Недолго думая, он уверенно выдал:
— Нравится.
— Нравится? — Она округлила глаза, машинально замедляя шаг. — Тебе всерьез нравится бить людей и получать в ответ?
— Не совсем так. — Илья мотнул головой, тут же выравнивая капюшон. — Мне нравится, что я при этом чувствую: прилив адреналина и то ощущение, когда все централизуется вот здесь, в одной точке, а ненужное отступает на второй план. Ни с чем не сравнимая эйфория после. Но мне также нравится ломать себя: во время боя нельзя поддаваться эмоциям, хотя я всегда стараюсь настроиться и разозлиться в допустимой мере. В ринге нельзя делать, что тебе хочется, — только то, что нужно для победы. Мне нравится не давать себе потерять контроль над ситуацией, чем, кстати говоря, грешил Мельница. Он сходу завелся и не смог продумать стратегию боя.
— То есть... это не просто насилие?
— Только не для меня. Да, я бываю... очень вспыльчивым и просто с пол-оборота могу завестись, но именно благодаря тренировкам я научился с этим справляться. Дисциплинировать себя — самое трудное в боксе. Особенно для таких, как я. А на ринге важнее всего сосредоточиться. В такие моменты я говорю себе: в твоей жизни есть только поединок. Остальное — после. Все потом.
— И что после поединка?
— Когда эйфория отступает, я ощущаю опустошение. Мой тренер говорил, что когда все заканчивается, ты оказываешься с собой один на один. Ты остаешься наедине со всем, что сам можешь себе предложить. Все, что происходит до и остается со мной после, доставляет мне удовольствие. В этом вся суть: наполниться, а потом опустошить себя, чтобы наполниться вновь.

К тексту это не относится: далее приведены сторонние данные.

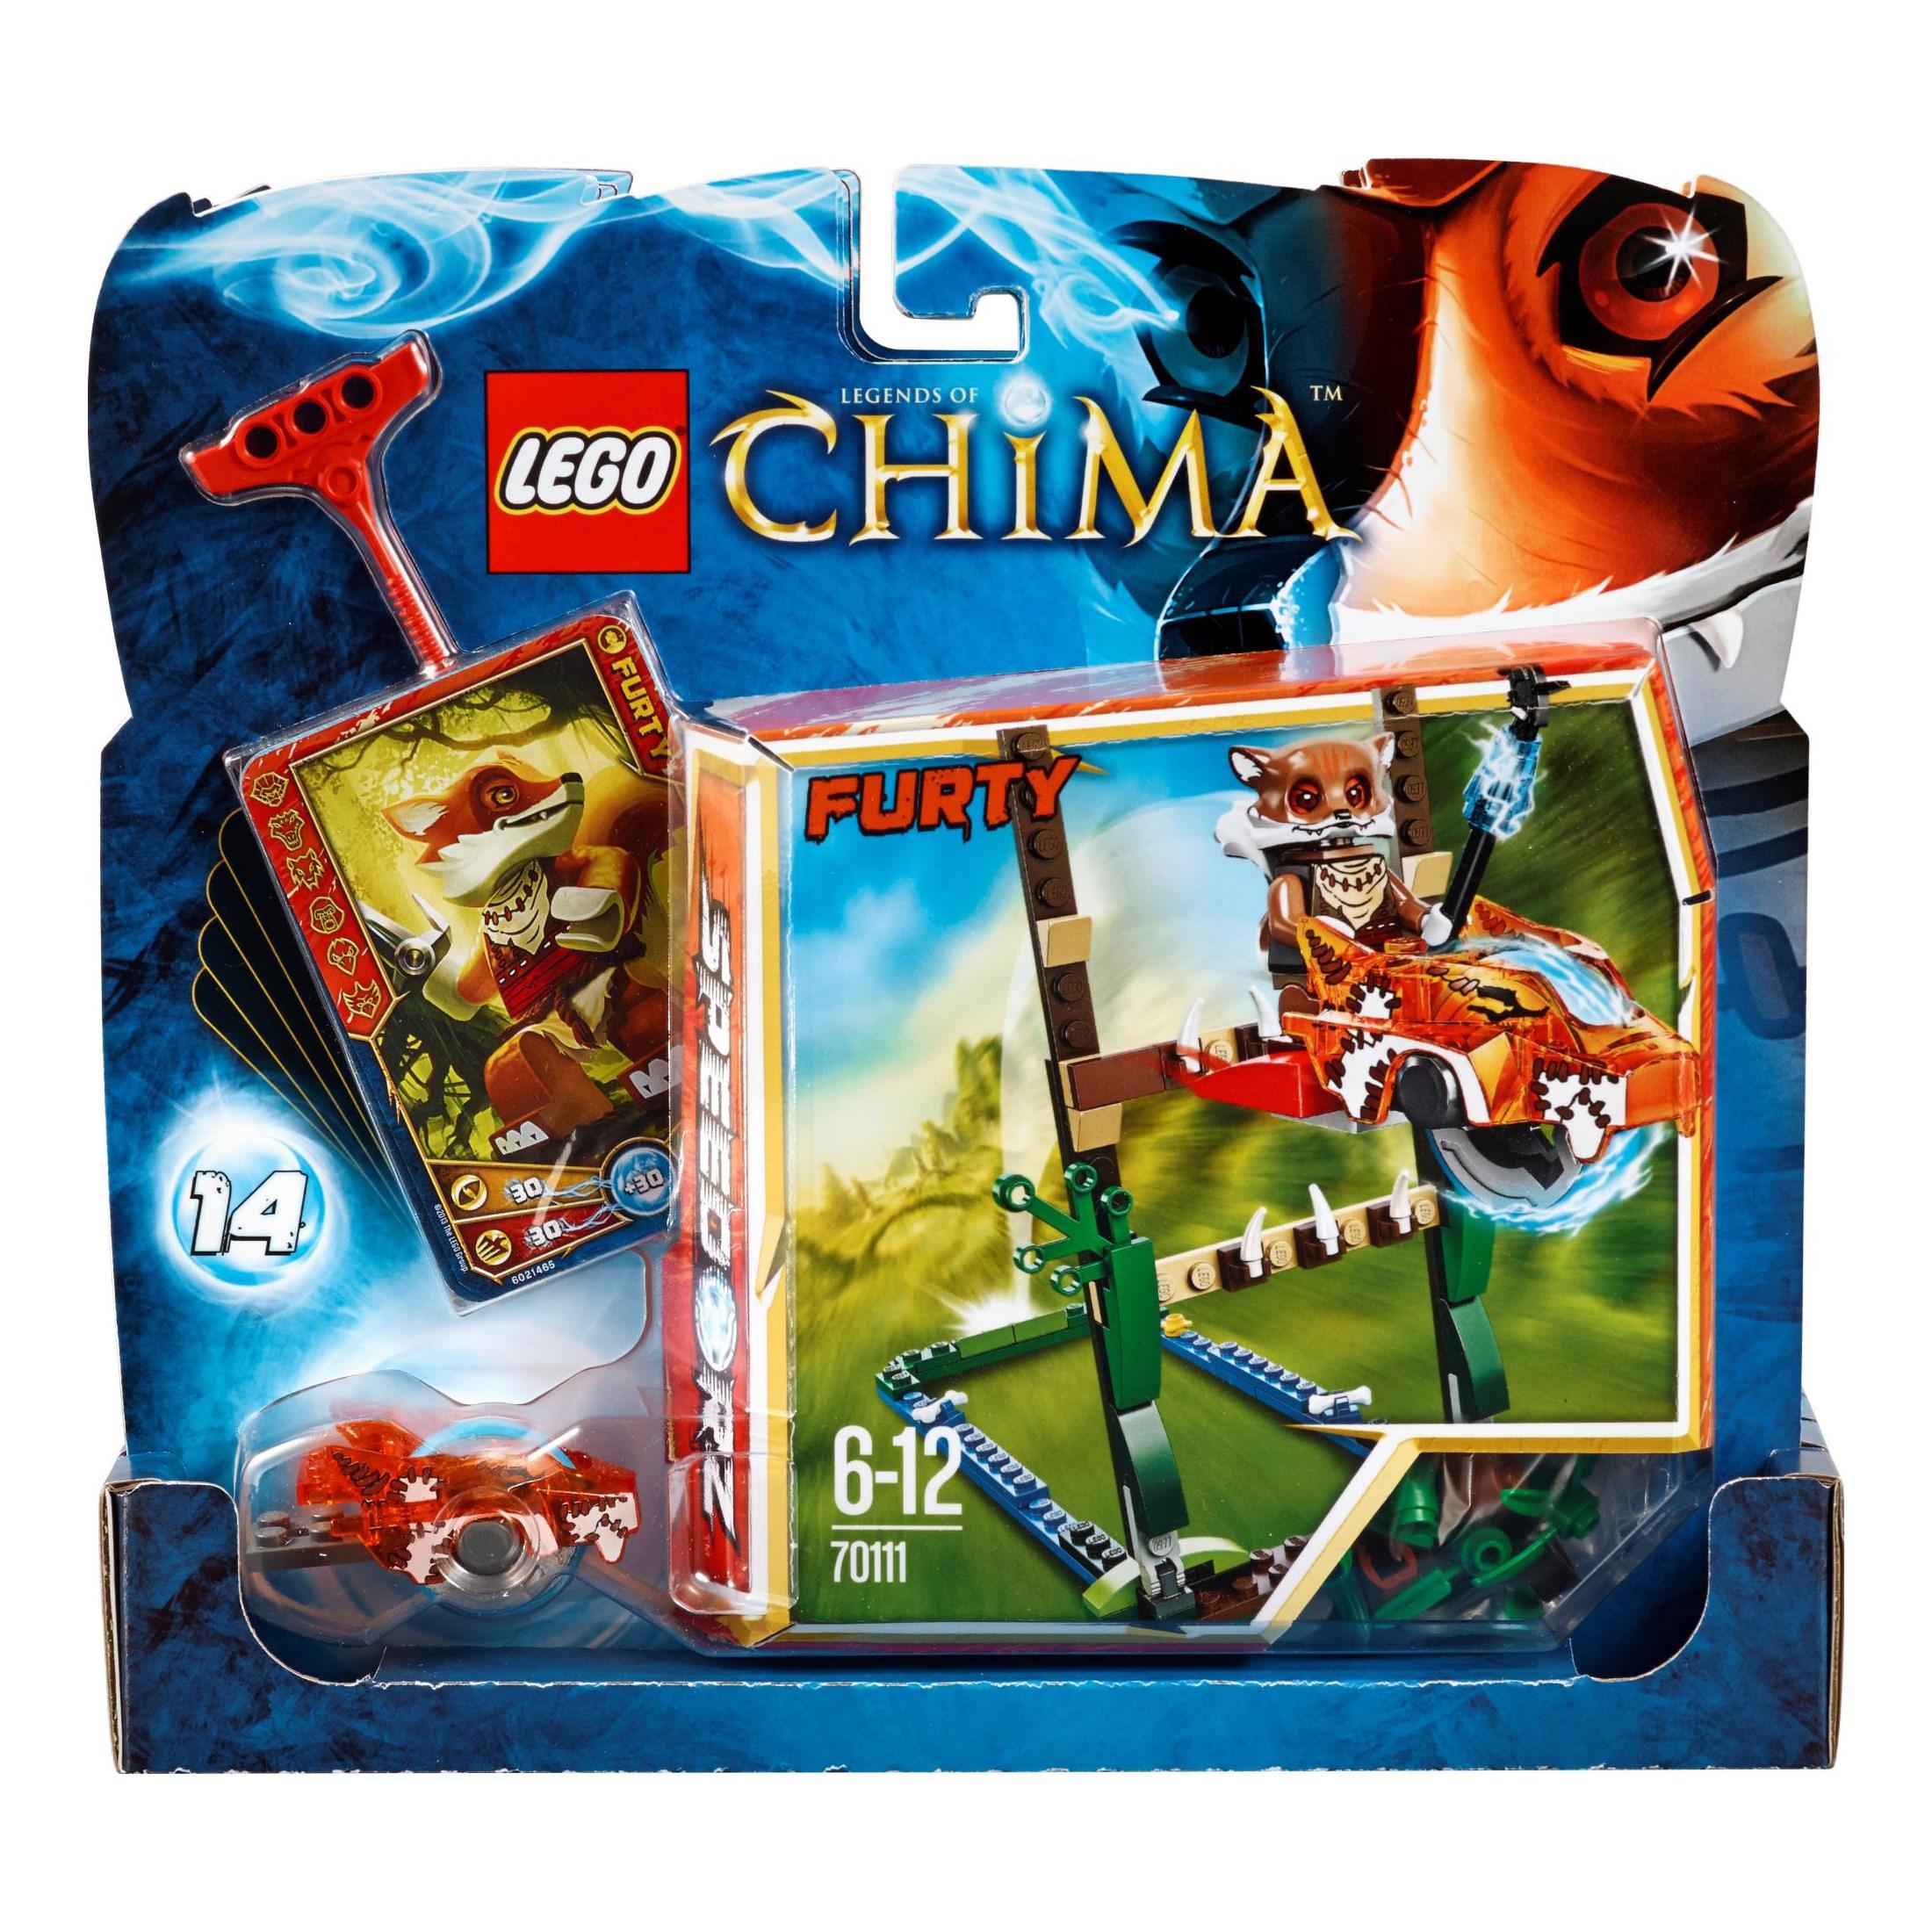 LEGO Chima 70111

Полина с интересом внимала каждому слову своего телохранителя, которого неожиданно потянуло на откровения. Разумеется, она этого и добивалась, надеясь, он будет с нею сотрудничать. Но чтобы Илья заговорил о своих чувствах? Это ее приятно удивило.
— Мне, конечно, этого не понять, — со слабой улыбкой призналась Полина. — Это, должно быть, прекрасно — получать удовольствие от того, что ты делаешь, и для чего прикладываешь так много усилий.
Илья в недоумении вздернул бровь.
— А разве с музыкой у тебя не так?
— Не думаю, — робко пожимая плечами, пробормотала она. — Когда-то, возможно, так и было. Но мне все чаще кажется, что даже любимое дело не вызывает у меня прежних чувств. Простая обыденность. Рутина. Даже не знаю, что может принести мне удовольствие. Я становлюсь ко всему безразличной, и это стало меня пугать.
Илье вновь сделалось совестно от того, какой Полина виделась в его глазах еще совсем недавно. Сейчас ему показалось, она переживает не самый простой жизненный период, когда все вокруг теряет прежние краски, и всепоглощающая серость вгоняет в еще большее уныние. И у него такое бывало — случается периодически. Черная полоса неизбежно омрачает даже самую безоблачную жизнь, а о его существовании и вовсе говорить нечего.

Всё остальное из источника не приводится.